Question

chap 4.7 imaginary numbers day 1
simplify the following.

1. $i^5 = $
2. $i^7 = $
3. $i^{12} = $
4. $i^{15} = $
5. $i^{19} = $
6. $i^{17} = $
7. $i^{23} = $
8. $i^{24} = $
9. $i^{53} = $
10. $i^{56} = $
11. $i^{79} = $
12. $i^{85} = $
13. $i^{66} = $
14. $i^{92} = $
15. $i^{94} = $
16. $i^{105} = $
17. $i^{59} = $
18. $i^{20} = $
19. $i^{11} = $

Explanation:

To solve these problems, we use the properties of the imaginary unit \( i \), where \( i = \sqrt{-1} \), \( i^2 = -1 \), \( i^3 = -i \), \( i^4 = 1 \), and the powers of \( i \) repeat every 4. So we can simplify \( i^n \) by finding \( n \mod 4 \).

1. \( i^5 \)

Step 1: Find the remainder of 5 divided by 4

\( 5 \div 4 = 1 \) with a remainder of \( 1 \), so \( 5 \mod 4 = 1 \).
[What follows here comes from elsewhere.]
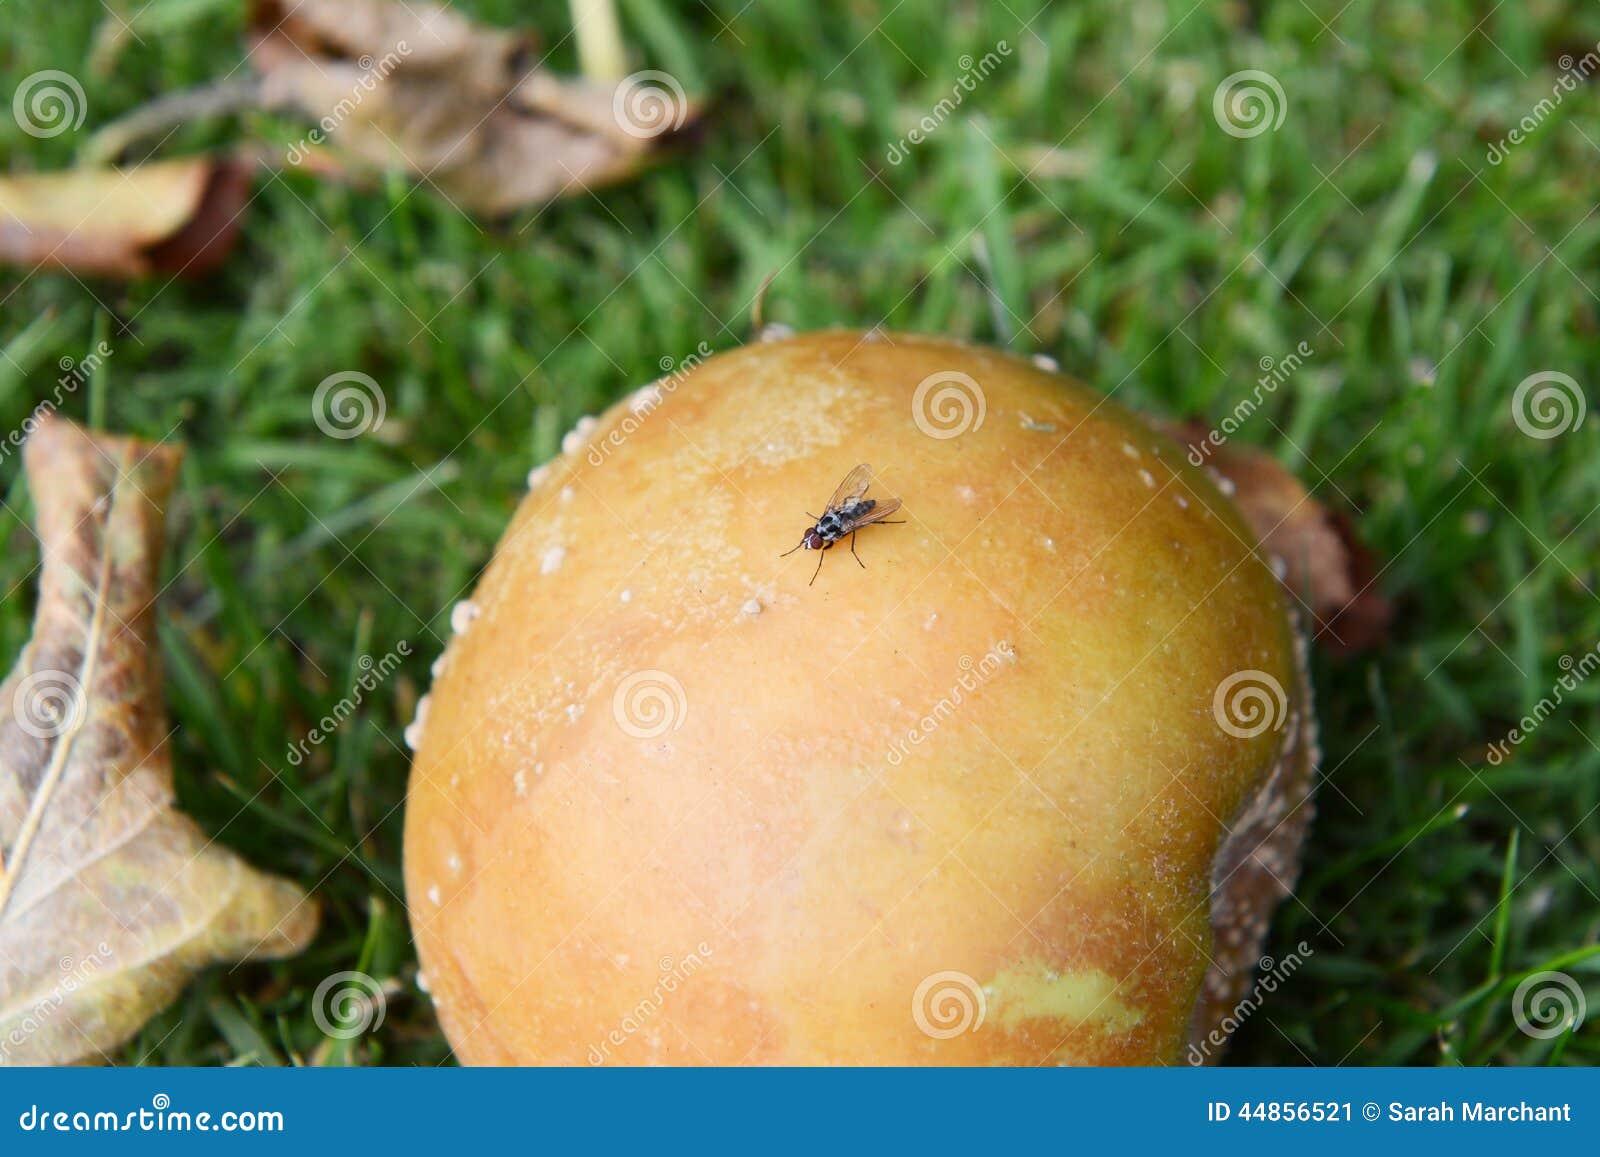 Pequeña mosca en una manzana putrefacta de la ganancia inesperada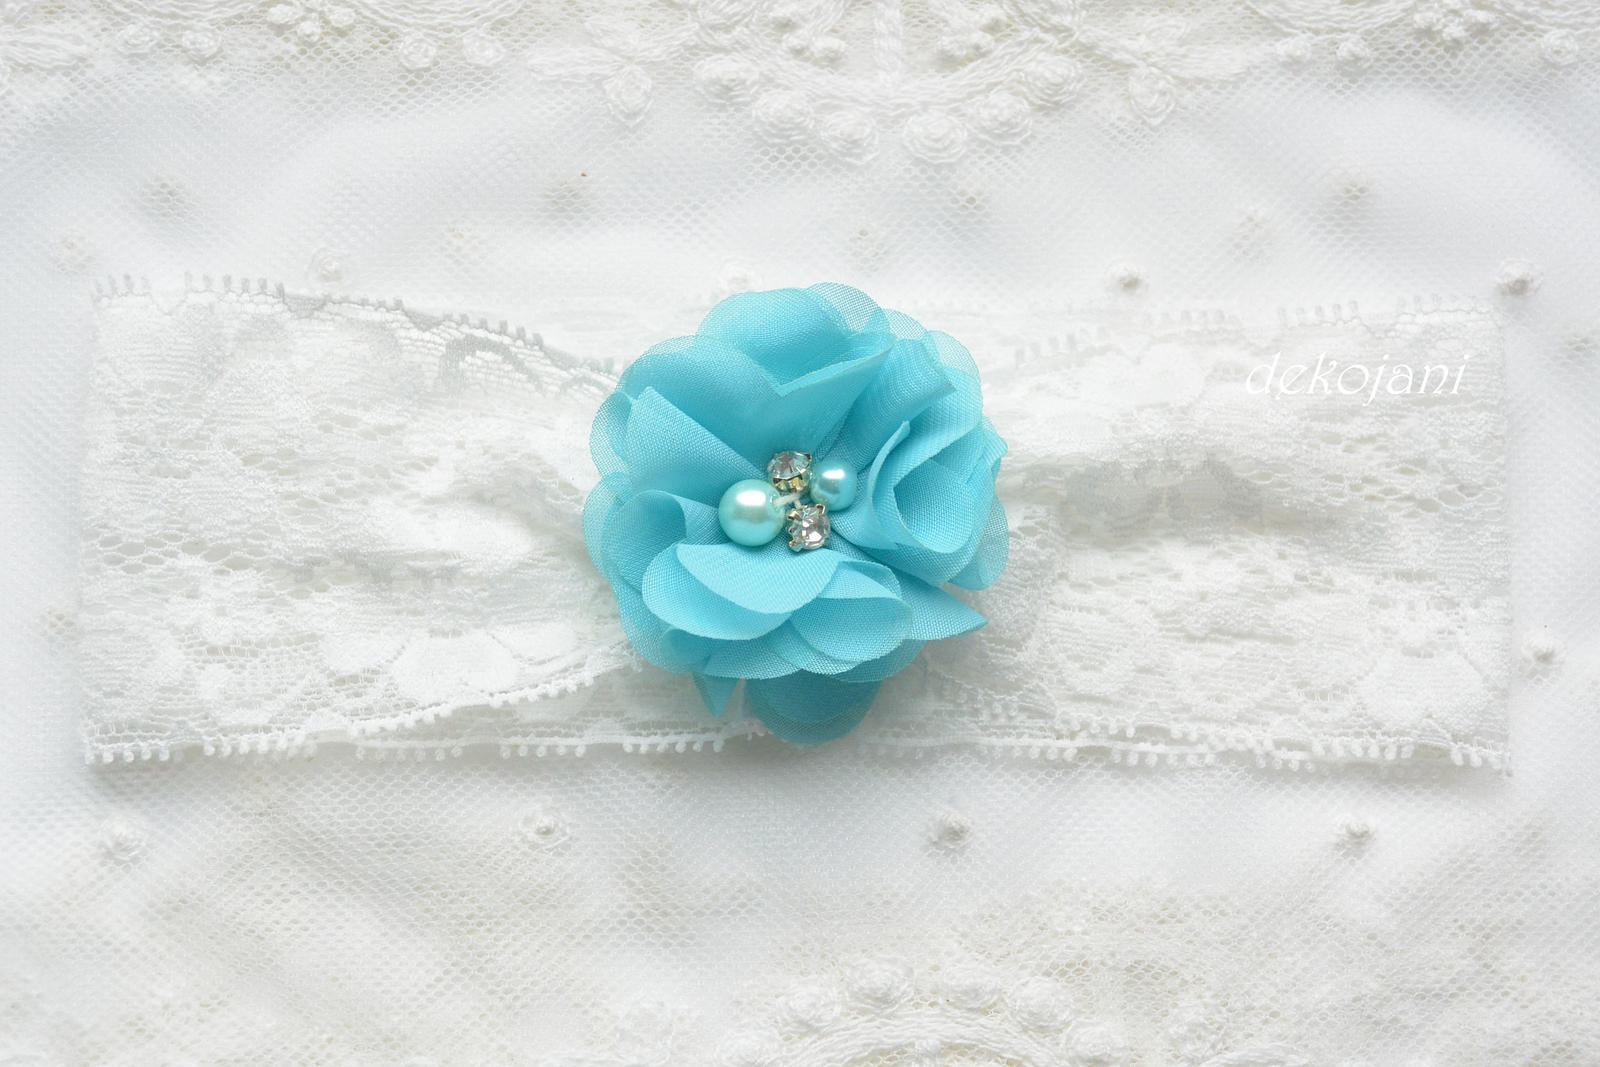 Luxusní svatební doplňky a dekorace. - Obrázek č. 25

Step 2: Simplify \( i^5 \)

Since \( i^5 = i^{4 + 1} = i^4 \cdot i^1 \), and \( i^4 = 1 \), we have \( i^5 = 1 \cdot i = i \).

Answer:

\( i \)

2. \( i^7 \)

Step 1: Find the remainder of 7 divided by 4

\( 7 \div 4 = 1 \) with a remainder of \( 3 \), so \( 7 \mod 4 = 3 \).

Step 2: Simplify \( i^7 \)

Since \( i^7 = i^{4 + 3} = i^4 \cdot i^3 \), and \( i^4 = 1 \), \( i^3 = -i \), we have \( i^7 = 1 \cdot (-i) = -i \).